**Raw data**
★ ★ ★ ★ ★

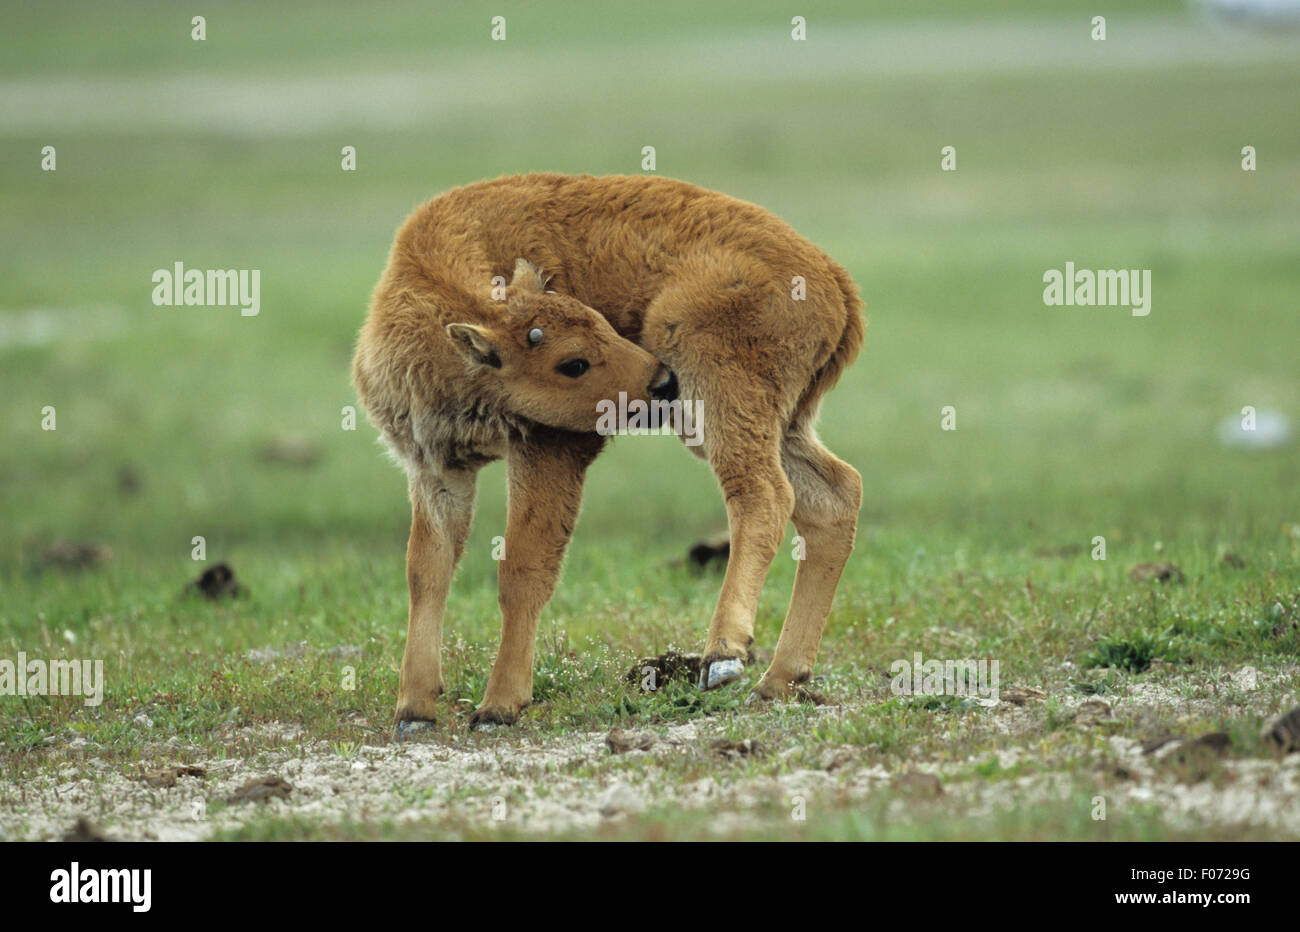 Bison young calf taken in profile head back to right licking back leg standing on open grassland Stock Photo
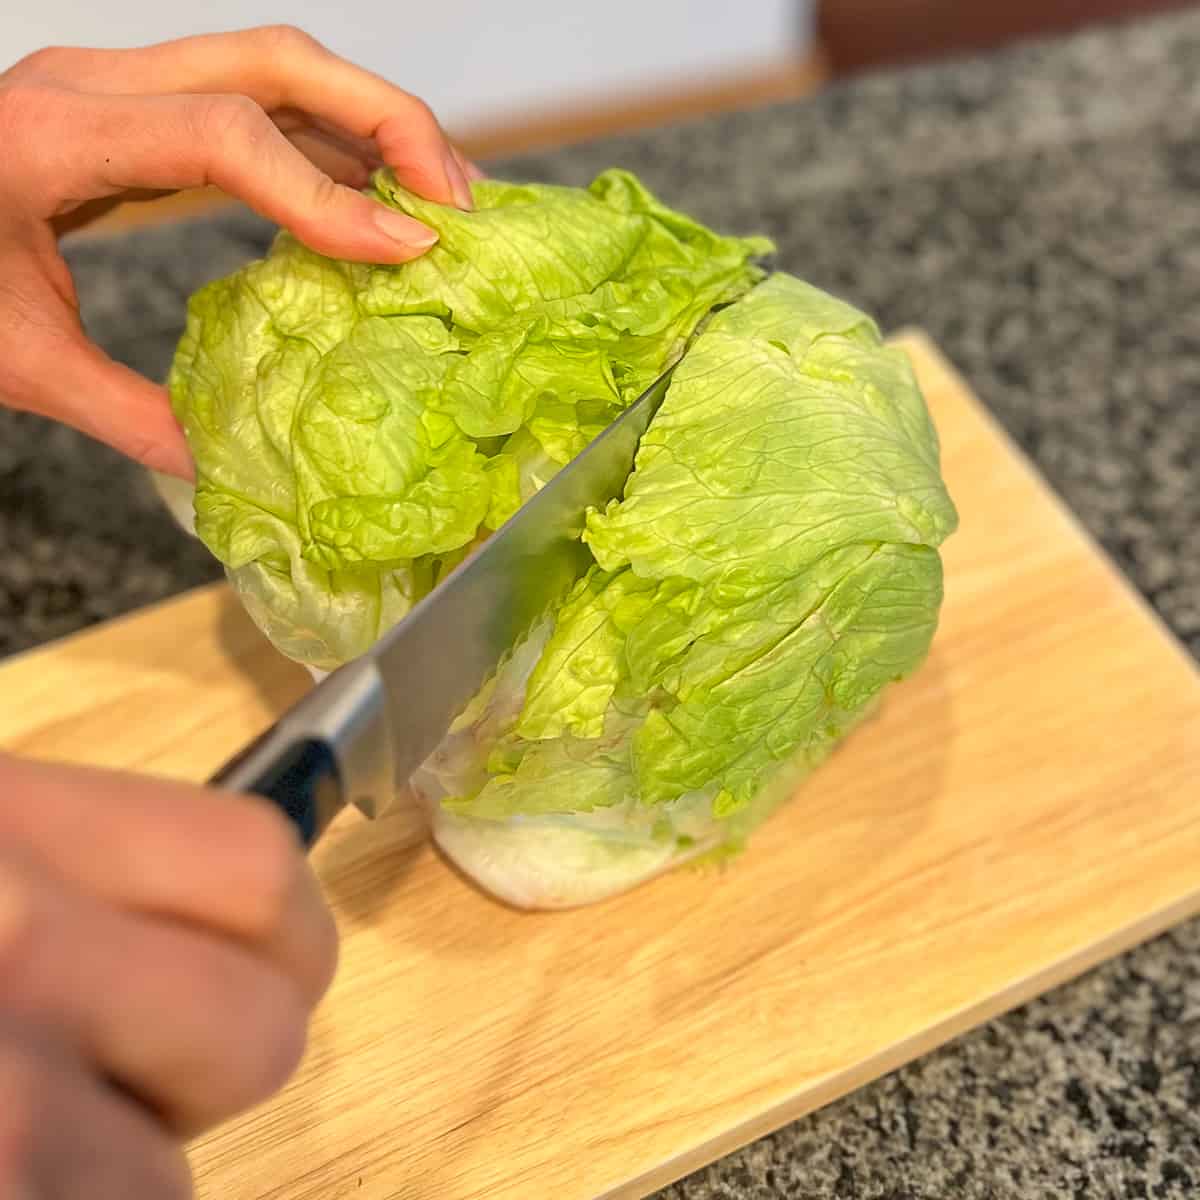 A head of iceberg lettuce being cut with a knife into a lettuce bun.
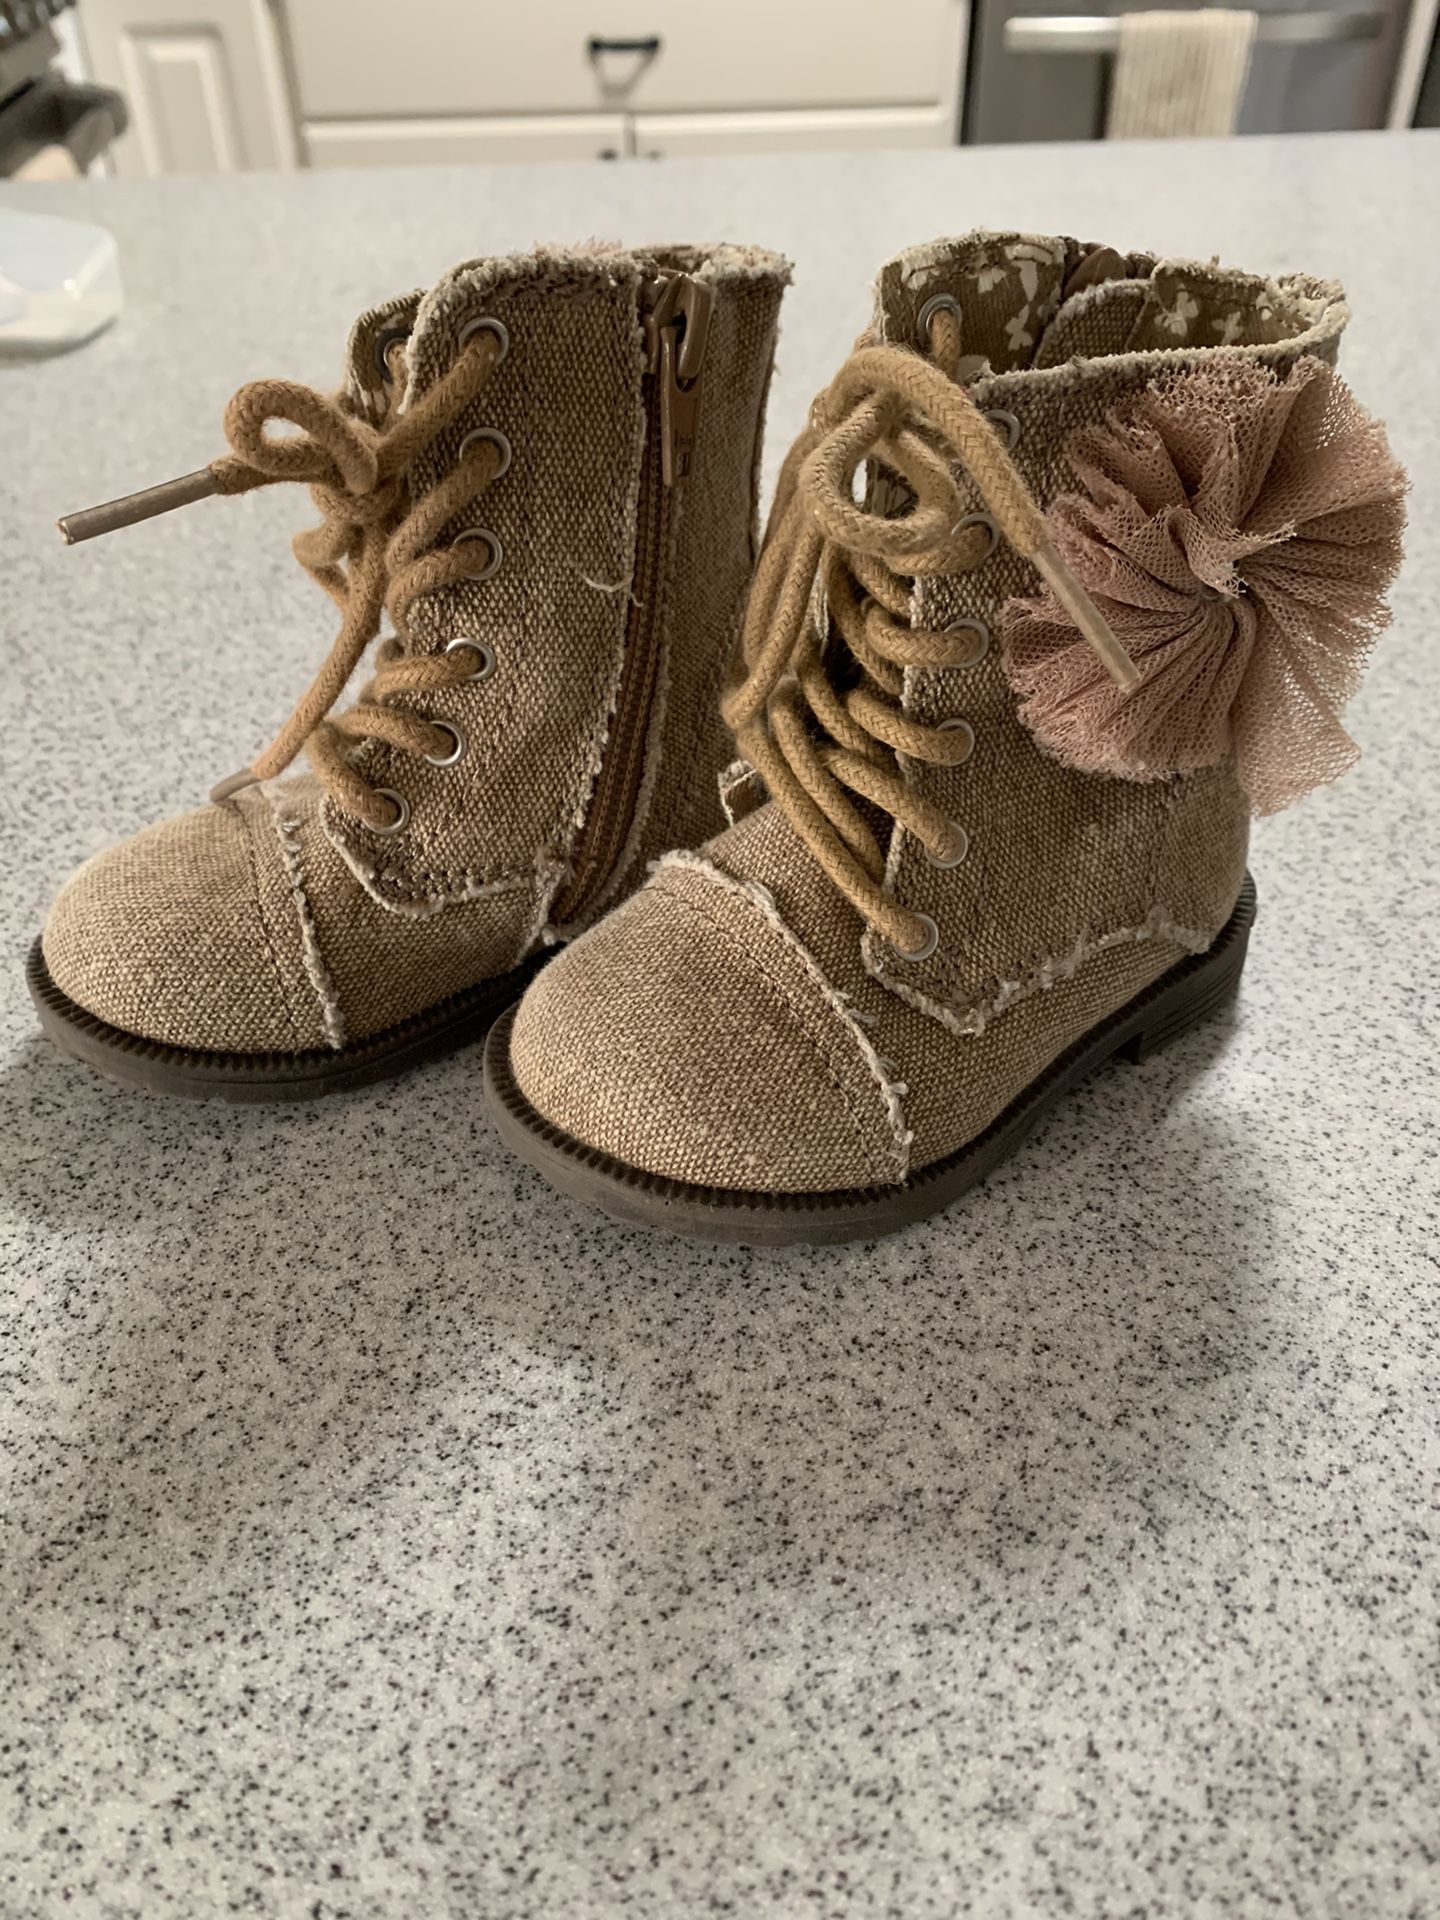 Toddler girl boots size 4

★ ★ ★ ★ ★

**Task objective**
Please reproduce only the lines from the one holding "A head of iceberg" through the final line of the listing above, both included, with each picture left out.

**Written answer**
 A head of iceberg lettuce being cut with a knife into a lettuce bun.
 Toddler girl boots size 4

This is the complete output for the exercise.